An arms race is playing out inside your body. It’s part of an invisible war that’s raged for billions of years. When viruses hunt and infect bacteria, the bacterial survivors store pieces of their vanquished foes — DNA snippets — within their genomes so that next time, they can detect and defend against the attack. In response, viruses evolve their own counterattack.
The bacteria’s natural defense system is called CRISPR-Cas9. And in 2012, biochemist Jennifer Doudna, together with French microbiologist Emmanuelle Charpentier, upended genetics with an ingenious idea. What if scientists could exploit CRISPR as a gene-editing tool? Since then, Doudna and others have hacked these cellular weapons in an effort to treat diseases and create stronger crops. Now scientists are attempting another task: avoiding unintended mutations resulting from their gene edits.
To grasp the tool’s precision, imagine the letters of a genome — G, A, T, C — typed into a stack of books dozens of stories high. A guide RNA shepherds Cas9 — which acts like a pair of DNA scissors — to the right spot, where it zooms in on just 20 letters and lets scientists change a few.
“CRISPR-Cas9 lets you find the right spot,” says Joseph Bondy-Denomy, a microbiologist at the University of California, San Francisco. “That’s a big deal.”
Indeed, a global gene editing revolution is underway. Lawyers battle over patent rights. CRISPR startups are selling stocks on the NASDAQ. And in a milestone this year, Oregon Health and Science University researchers used CRISPR to successfully correct heart disease-causing genes in human embryos. It was the first U.S. CRISPR experiment on humans.
But despite its track record, sometimes CRISPR brings unintended consequences — gene edits in undesired locations. Scientists call these “off-target effects.” Cas9’s scissors don’t always stop once the targeted cuts are made.
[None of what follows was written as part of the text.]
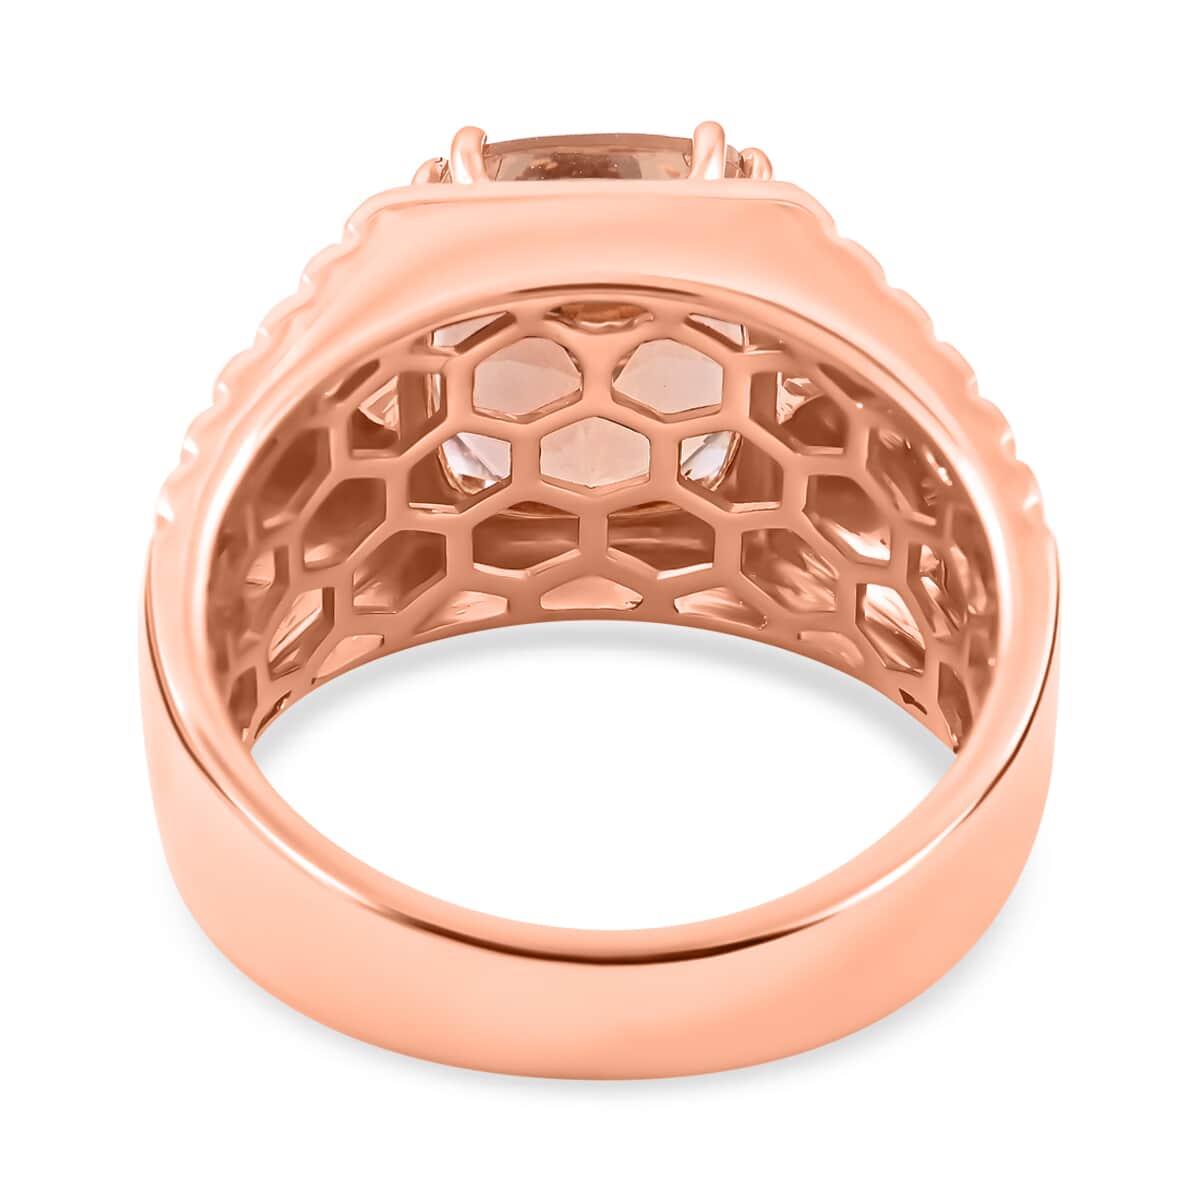 Luxoro 10K Rose Gold AAA Marropino Morganite and G-H I2 Diamond Men's Ring (Size 10.0) 8.15 Grams 4.65 ctw image number 4

Sometimes the scissors will roam for another day or two, cutting other sites that resemble the target but aren’t quite a perfect match.
“If left to their own devices, over time, [CRISPR proteins] might have the ability to cause trouble,” says Doudna, who is also a University of California, Berkeley, professor.
In May, a group of ophthalmologists and others sounded the alarm bells in a letter published in Nature Methods. The team used CRISPR to fix a blindness-causing gene in mice. But when they re-examined the mice, they found hundreds of unintended genetic mutations. Headlines about off-targets ensued, and CRISPR stocks tanked.
Doudna challenges the group’s methods and thinks that, in general, the off-target fear is overblown. Scientists knew about these mutations, and the technology is more than accurate enough for academic research purposes. The problems begin only as scientists move CRISPR into complex clinical trials.
Bondy-Denomy, the UCSF micro-biologist, appears to have found a “natural” way to combat these off-target effects. His research focuses on the arms race between bacteria and viruses, and last year, Bondy-Denomy started testing out a hunch. If bacteria defend against viruses using CRISPR, he reasoned, then viruses likely have a response to counteract it. He was right. Viruses do produce “anti-CRISPR” proteins that grab Cas9 and impair its gene-editing ability. He published his results in Cell in January 2017. “This is basically an off switch,” he says.
By summer, Doudna, Bondy-Denomy and their collaborators had used this viral counterpunch to reduce off-target effects. In Science Advances, the team detailed how they used CRISPR to make edits and then deployed anti-CRISPR to stop the Cas9 scissors from running amok.
The technique could help CRISPR move from the lab toward more therapeutic applications where absolute precision is required, Doudna says. Other teams are exploring different ways to avoid off-target effects, too. For example, the team that edited human embryos earlier this year saw no off-target effects, thanks to prep work aimed at keeping CRISPR on a shorter leash.
However, this gene-editing antidote could have another important use. Security experts, including former Director of National Intelligence James Clapper, worry that CRISPR makes things easier for would-be bioterrorists. Bondy-Denomy says if someone launched a CRISPR attack on humans or our crops, anti-CRISPR could work as an antidote. DARPA, the U.S. military research agency, liked the idea enough to give Doudna and Bondy-Denomy a grant to continue making Cas9 safer.
While Bondy-Denomy doubts CRISPR will ever be deployed in a human battle, he can at least be confident in knowing anti-CRISPR has already proven itself in the cellular arms race.